Brandon Powell was the next Gator to join the fun. He took a short catch on a crossing pattern, made a man miss and turned it into a 77 yard touchdown reception. Florida then capped the first half with a bang by reigniting the connection that killed Tennessee the week before:

And for all intents and purposes, that was ball game. There was the faintest, briefest glimmer of hope when the Rebels drove down deep into Florida territory to start the third quarter, but the Gators’ defense buckled down and pushed them back to force a field goal. If there were any remaining doubts about the outcome of the game, that goal line stop erased them. From there, it was all just bonus points; two Gator field goals and a score-padding touchdown by Jordan Cronkrite in the fourth quarter following two more Rebel turnovers (one of which was an interception and long return by Vernon Hargreaves) proved to be thoroughly enjoyable to watch but ultimately meaningless.
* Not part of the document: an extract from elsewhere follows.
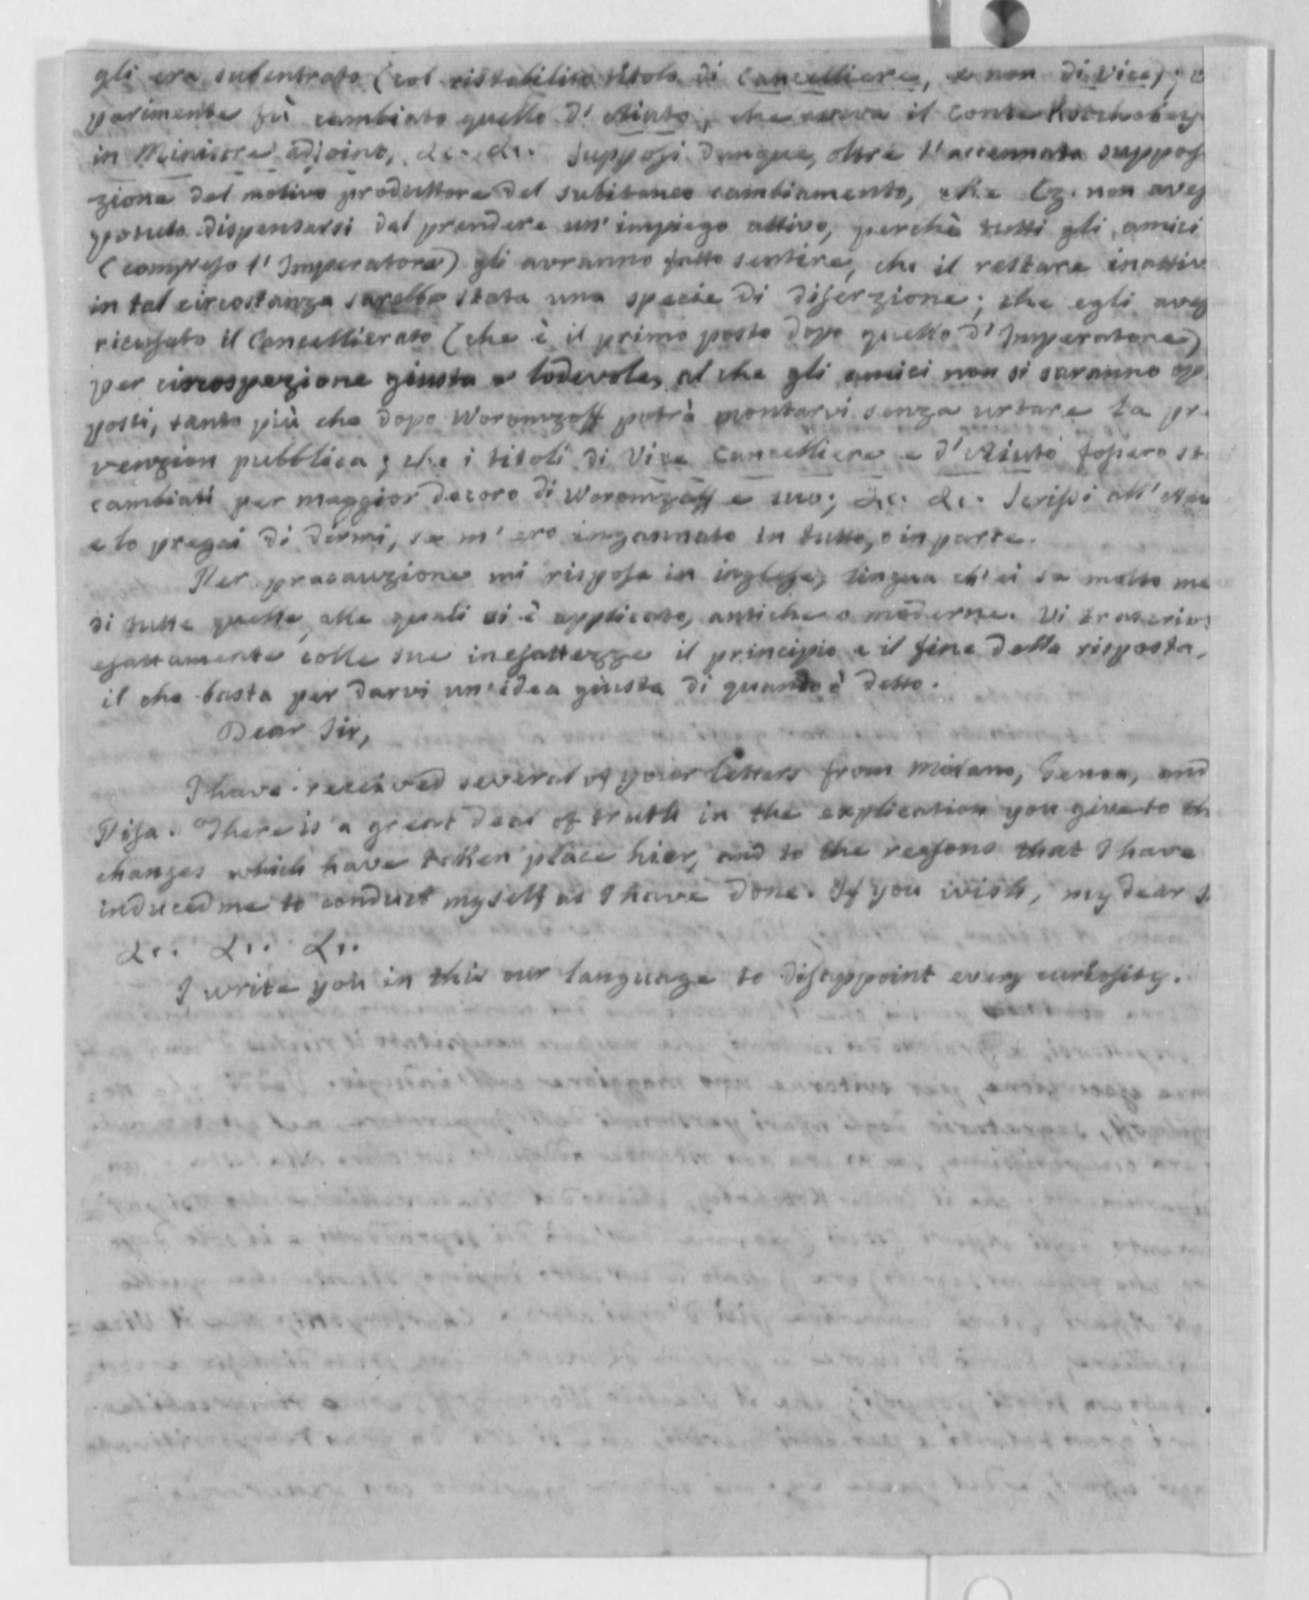 Philip Mazzei to James Madison, 1804, in Italian

The Gators had put this game away by the end of the third quarter, and probably even by halftime.

That’s quite a feat given where the Gators appeared to be last week.
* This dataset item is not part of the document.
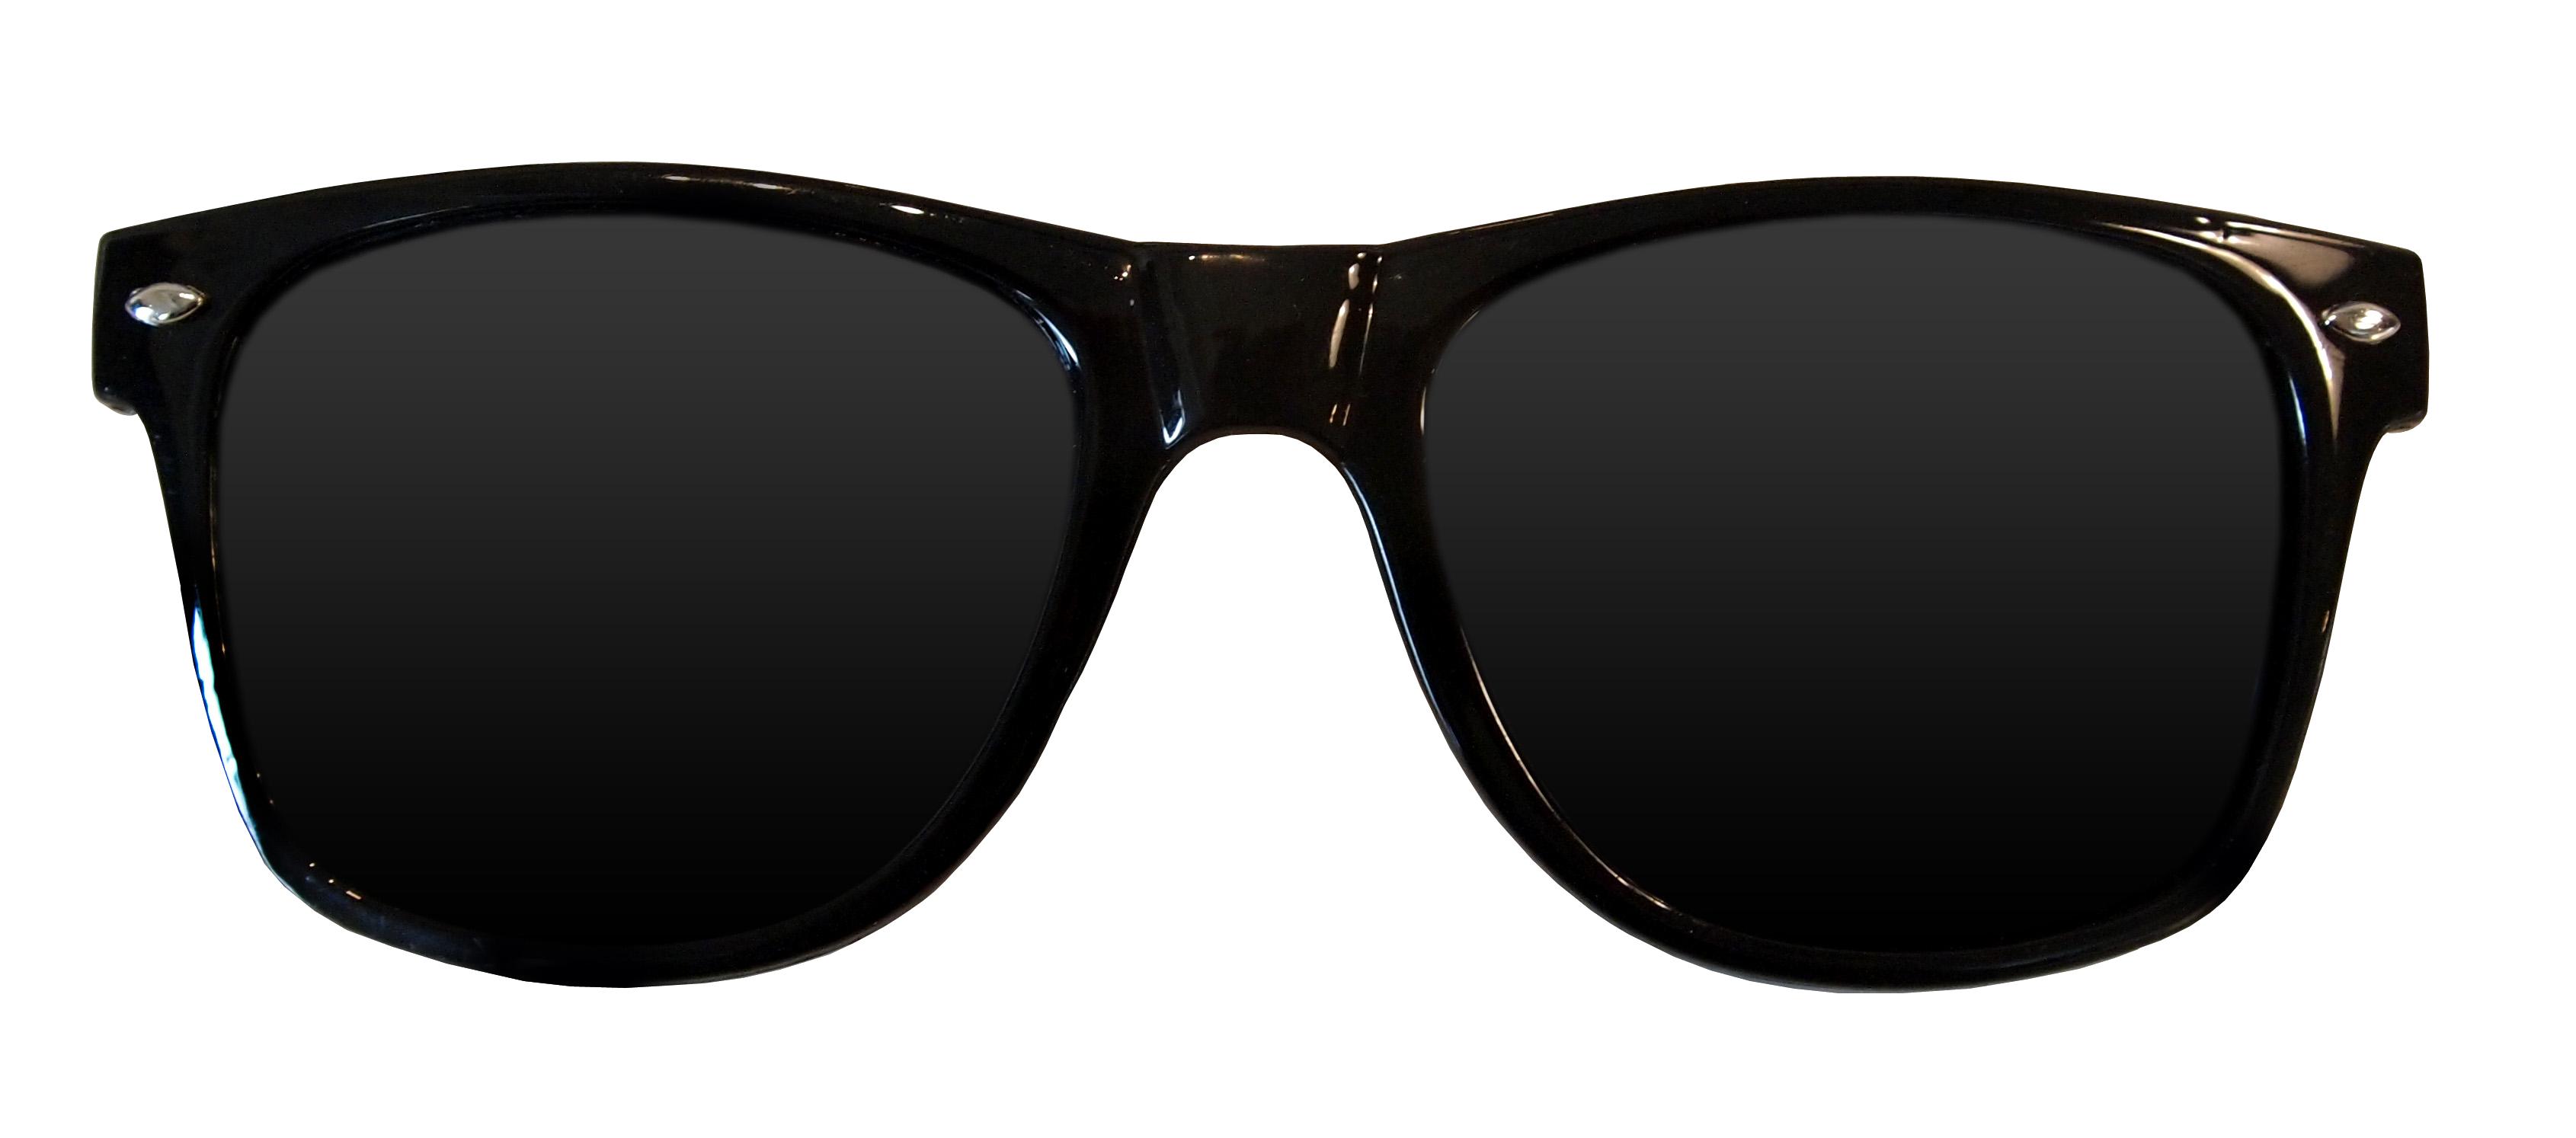 Aviator Sunglass PNG Clipart, Sunglass PNG - Free PNG

One game removed from looking like a 7-5 program, Florida suddenly appears to be as realistic a national championship pick as any. The offensive line struggled immensely against Tennessee, but gave Grier plenty of time to throw against Ole Miss and gave the running backs some holes to run through. The defense missed some 30 tackles against the Volunteers, but only four (rough count) against Mississippi. And the offense went from looking like a mediocre one capable of making big plays when the defense totally busts an assignment to one that is capable of repeatedly burning an opponent using any part of the field. Oh, and Florida’s second and third rated corners, Jalen Tabor and Quincy Wilson, combined to shut down Ole Miss’s star receiver, LaQuon Treadwell, for five catches for 42 yards.

To sum that all up, this team made it seem like the rebuilding job Will Muschamp left Jim McElwain was going to take longer than I thought. But after bludgeoning the #3 team in the country, the question has suddenly become whether that rebuilding job has already been completed.

To that new question, I say this: maybe, but I don’t know. We can’t know.

This win, as huge as it was, was just one win. Destroying Mississippi counts no more in the standings than beating Vanderbilt does. And as the old saying goes, anything can happen on any given night; on this particular night, the Rebels gave Florida a bunch of goodies that they couldn’t help but take advantage of. Now, while it’s obviously better to turn mistakes into points than not, doing so repeatedly doesn’t quite mean that the Gators are at the point where they want to be as a football program. (More on this later in the week.)

For now, though, we as Gator fans have earned the right to sit back and enjoy this one after five years of misery. Florida now has the SEC East in the palm of its hand, and can actually clinch the division by the end of October. That’s what’s most important.

Just a friendly reminder: in all kinds of weather means the good stuff, too.

5 thoughts on “Florida 38, Mississippi 10, Game Recap: Gators crush Rebels, seize control of SEC East

  1. Not sold yet.
    They looked everything like world-beaters Sat night and I loved every minute if it. But, I’m only cautiously optimistic.
    I still think it’s not a stretch that they lose to LSU, Georgia and FSU. And I think the Mizzou game has Trap written all over it all of a sudden. The world now thinks UF is gonna be 6-0 heading into Baton Rouge. Gotta remember that UM has the Gators’ number. This could all come crashing down to reality if the Tigers win Saturday. Let’s not put the cart before the horse.
    The reality is UF has a lot of work to do on the offensive line, and even though the D-line is ferocious, the secondary has given up a bunch of yards. Having said that, this team is improving and exceeding expectations exponentially. I had them as a 7-8 win team. I now see them winning 9, which is incredible for Year One Of Mac.
    On a side note, I hope Muschamp sees what a real head coach is able to do with the offense he couldn’t coax anything out of for 4 years. And I hope it gives him worse heartburn than Urban Meyer had after losing the SECcg in 2009.

  2. Not losing this Saturday. Missouri is a bad team, possibly the worst team left on the schedule.